Войницкий (отходит от нее, разочарованно). Ну вот — опять двойка… Видишь, Илюша? А ты говоришь — радоваться… женщины…
(Леночке) А вот скажите, ненаглядная, отчего я вам не подошел? Староват? Некрасив?
Леночка (берет стакан из рук Астрова и забирается с ногами в кресло). Да нет. Просто вы меня не возбуждаете.
Войницкий. Отчего же, о демон страсти?
Леночка. Отчего… отчего… не знаю. Не возбуждаете и все! (важно) Я вот недавно один журнал читала — так там был список того, что женщин возбуждает. Хотите я вам принесу? Почитайте, сами все поймете.
Войницкий. Гм… ну а своими словами, радость моя? Из ваших прелестных уст я скорее усвою… Ну?
Леночка (все так же значительно). Женщину, уважаемый Вениамин Михайлович, прежде всего возбуждает общественно-экономический статус клиента.
Астров. Кого?
Леночка. Клиента.
Астров. Вы, видимо, имеете в виду — партнера?
Леночка (нетерпеливо). Клиента… партнера… какая разница! Главное, чтобы человек был с положением.
Астров. Это — с деньгами, что ли?
Леночка. Ну и это, конечно. Бабки никогда не мешают. Хотя бабки тут все-таки — не главное. Главное — положение.
Войницкий. Во как! Что ты на это скажешь, Илья-пророк?
Телегин. А чего вы хотите чтоб я сказал?
Войницкий. Да ничего я не хочу. Я просто обращаю твое внимание на новый параметр, который привнесла наша ученая консультантка фрау Серебрякова в твою безупречную жизненную модель. Положение! Статус! Это, оказывается, самостоятельная ценность — помимо перечисленных тобою мотоциклов, жратвы, постели и выпивки. А? Согласен?
Телегин (неохотно). Согласен — не согласен… Домой пора, вот что. Михаил Львович, вы когда поедете?

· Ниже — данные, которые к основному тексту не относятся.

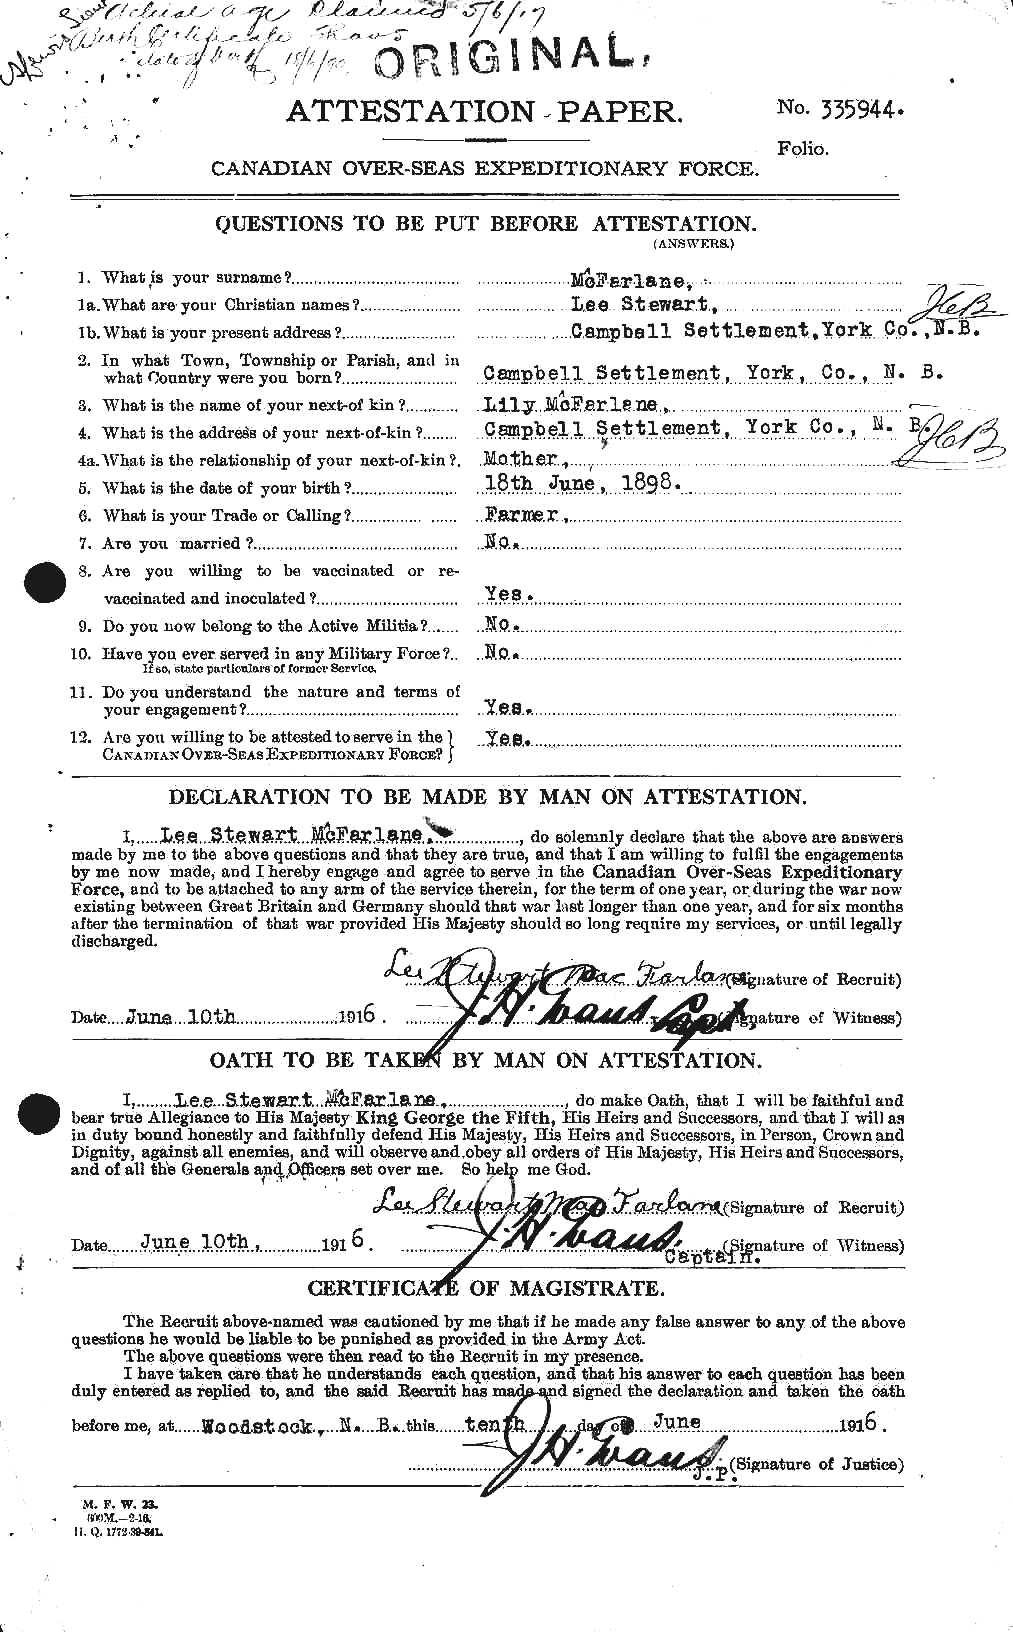 Personnel Records of the First World War - CEF 522715a

Войницкий (прерывая его). А коли согласен, то нечего старших учить, салага нестеганный. Потому что, если статус — самостоятельная ценность, то мы возвращаемся к тем же проклятым вопросам о деле и о смысле, а твои любимые попки, грудки и мотоциклы отходят на второй план. Понимаешь ли ты это, господин студент?
Пауза.
Астров. И впрямь, пора ехать, Веня. Завтра у меня с восьми прием в поликлинике… Илюха, пошли, я тебя подброшу.
Леночка (разочарованно). Ну вот… Куда же вы, доктор? Я-то думала — посидим, побалдеем…
Астров. В другой раз, Леночка. Кстати, как там у меня со статусом? Возбуждает женщину?
Леночка. Ваш статус вполне… возбуждабельный.
Астров. О! Жизнь прожита не зря! (поет) «Кипит наш статус возбужденный и в смертный бой вести готов!» Илюха! Уходим. Веня, иди спать, не напивайся.
Леночка (встает). Я вас провожу.
Уходят.
Войницкий (оставшись один, вслед ушедшим). А как же посошок на дорожку? Эх… Ну ладно, мне больше достанется (пьет)
Статус ее мой не возбуждает… Надо же… Устами блудницы глаголет истина. Знала бы она, как меня он не возбуждает, мой статус. Статус… статус…
Возвращается Астров.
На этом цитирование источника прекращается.